** PROBLEM REQUIREMENTS **
Once you find the line with "Un crucero se", output it and every line after it exactly, through the last line of the listing, but no pictures.

** SUPPLIED DATA **
▽
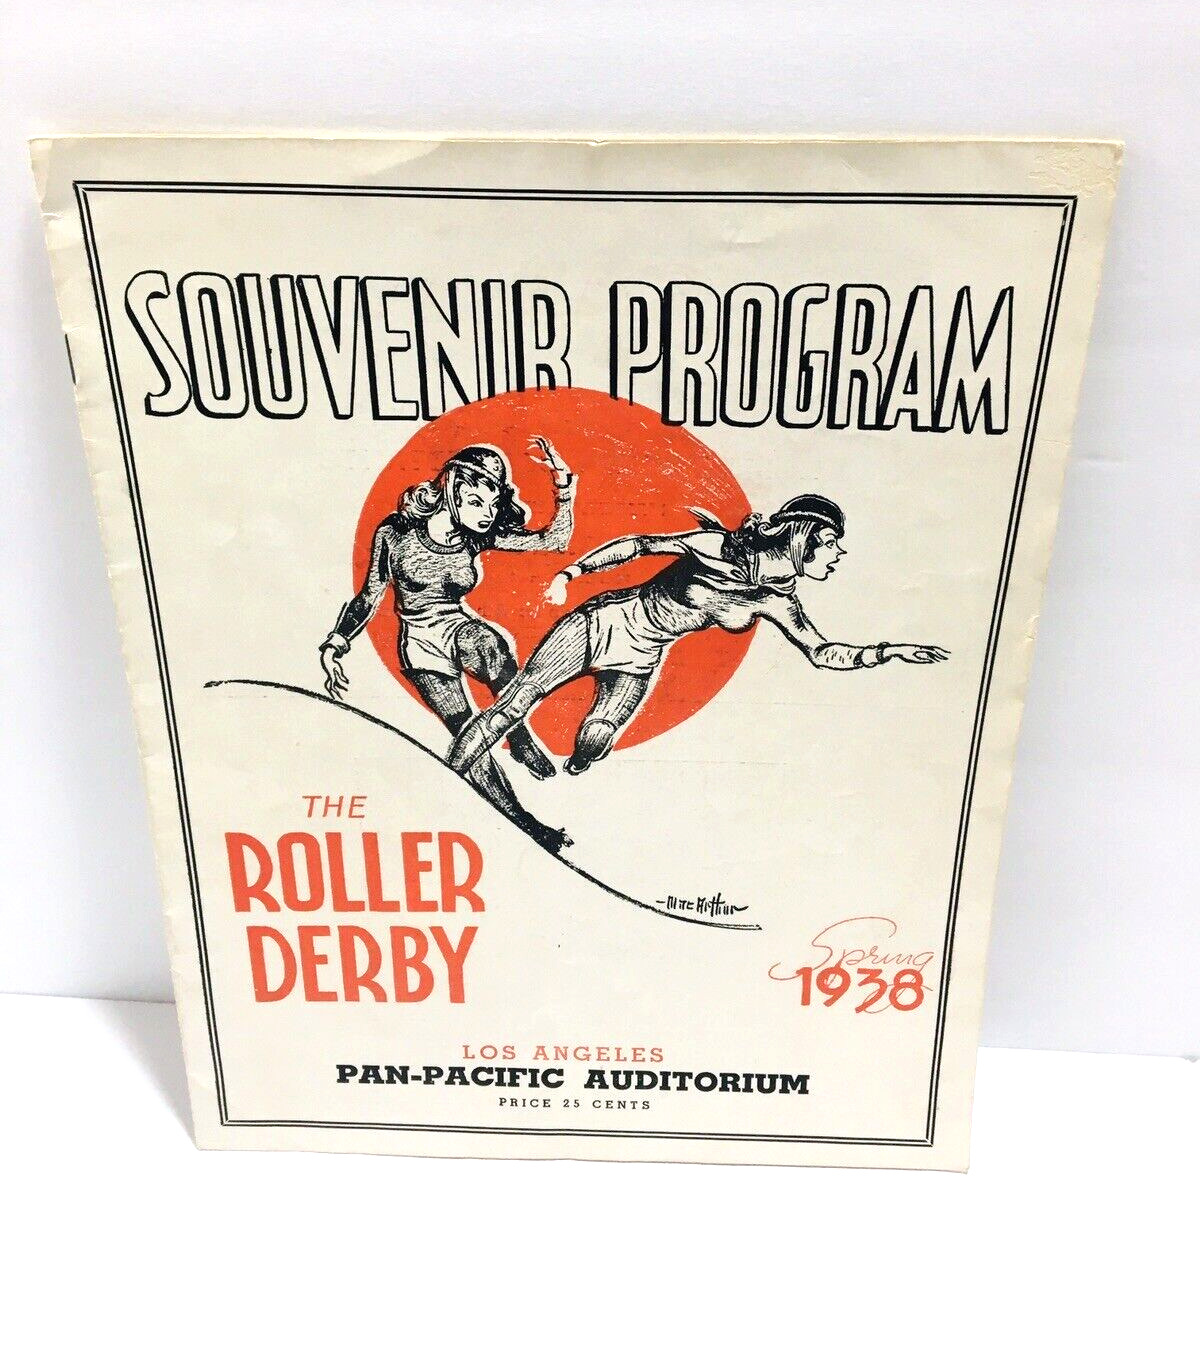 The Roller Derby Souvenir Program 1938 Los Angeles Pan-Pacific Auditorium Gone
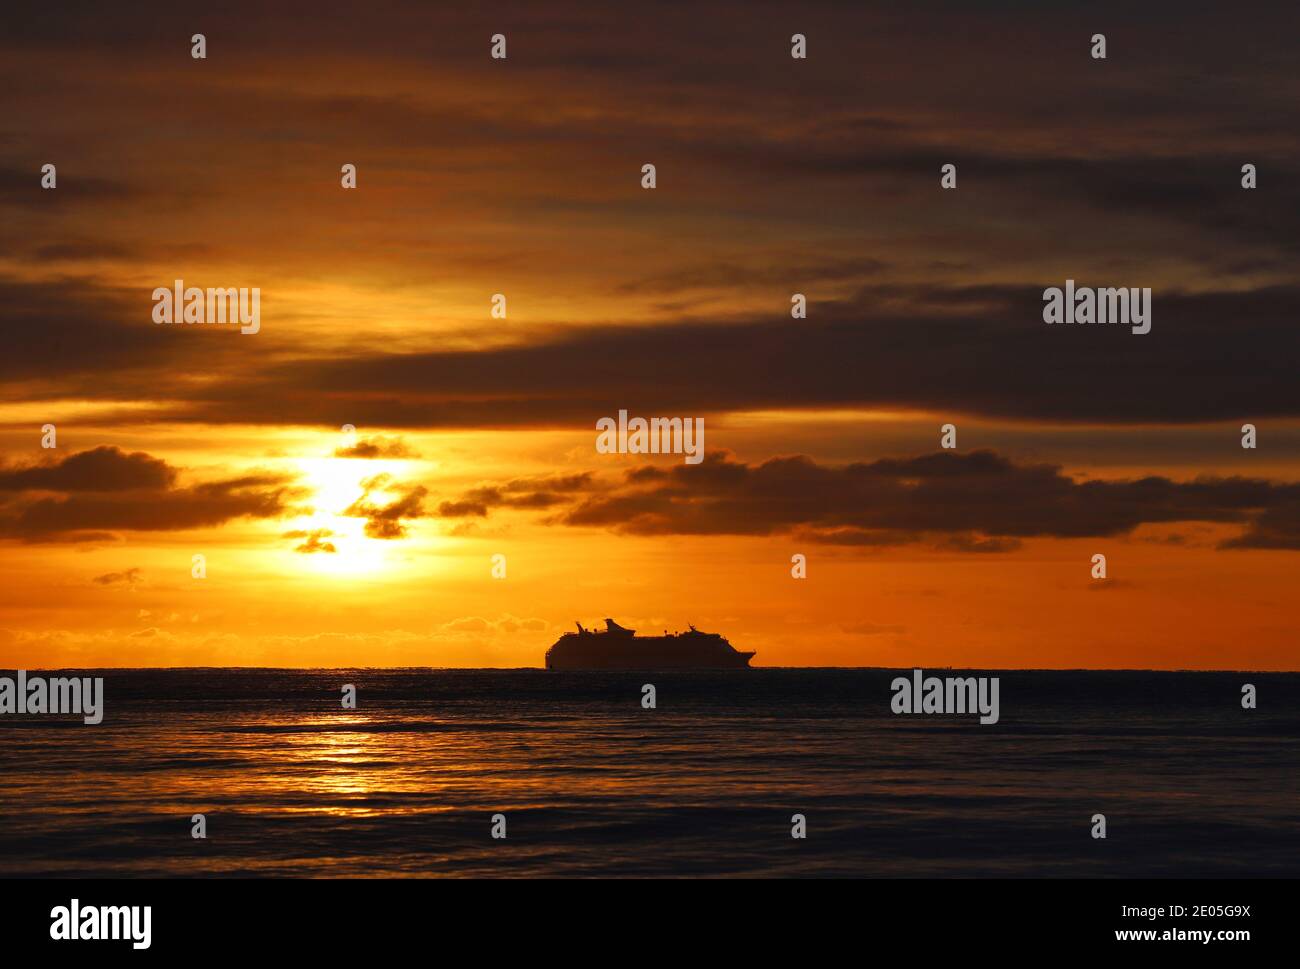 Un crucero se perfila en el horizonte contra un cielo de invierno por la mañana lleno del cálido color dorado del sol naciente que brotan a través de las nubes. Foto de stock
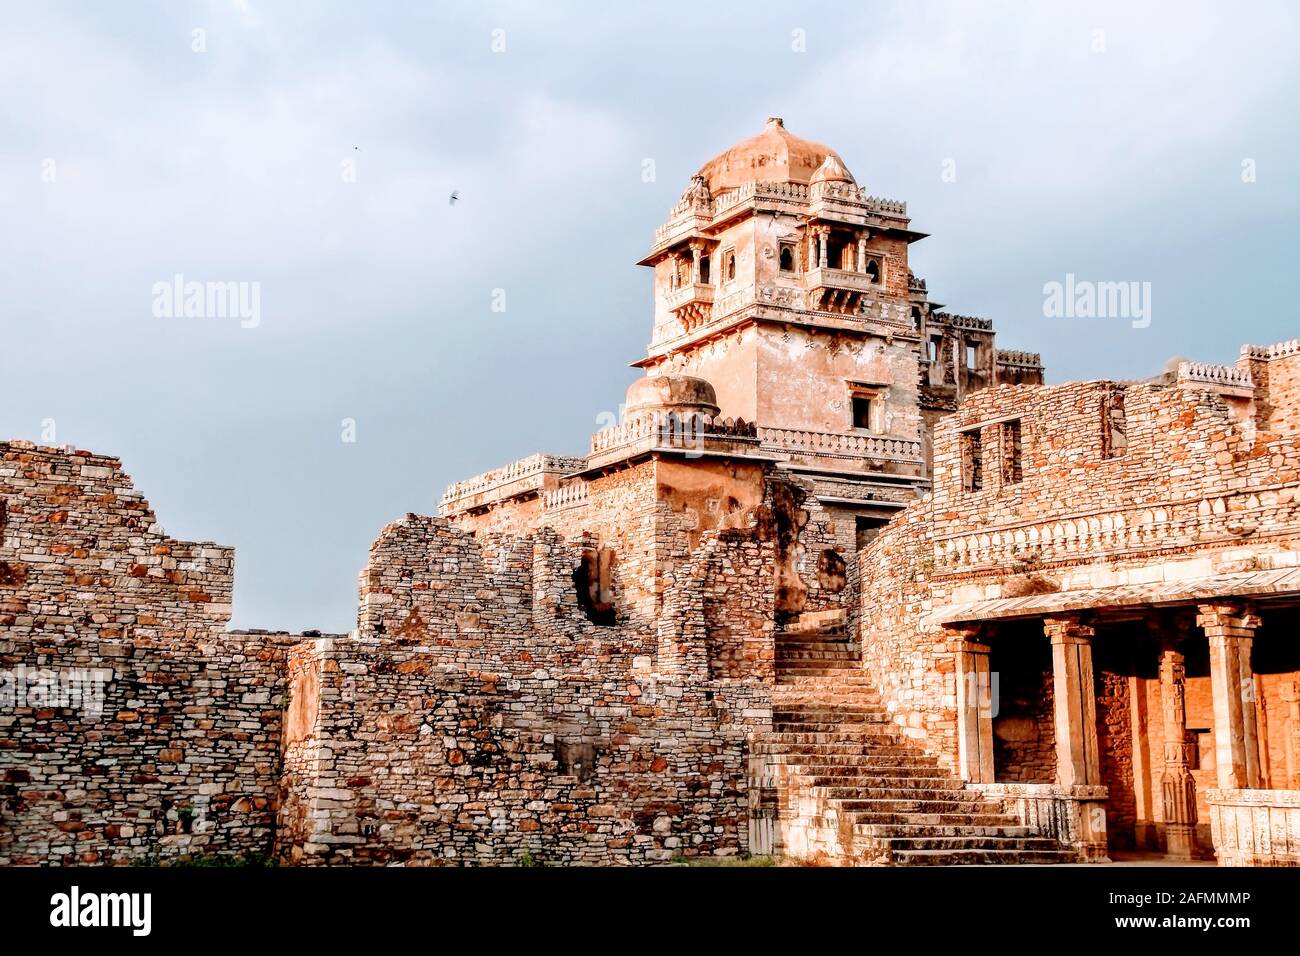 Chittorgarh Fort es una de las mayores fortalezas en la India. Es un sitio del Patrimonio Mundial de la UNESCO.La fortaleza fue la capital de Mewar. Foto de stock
△
** EXPECTED ANSWER **
 Un crucero se perfila en el horizonte contra un cielo de invierno por la mañana lleno del cálido color dorado del sol naciente que brotan a través de las nubes. Foto de stock
 Chittorgarh Fort es una de las mayores fortalezas en la India. Es un sitio del Patrimonio Mundial de la UNESCO.La fortaleza fue la capital de Mewar. Foto de stock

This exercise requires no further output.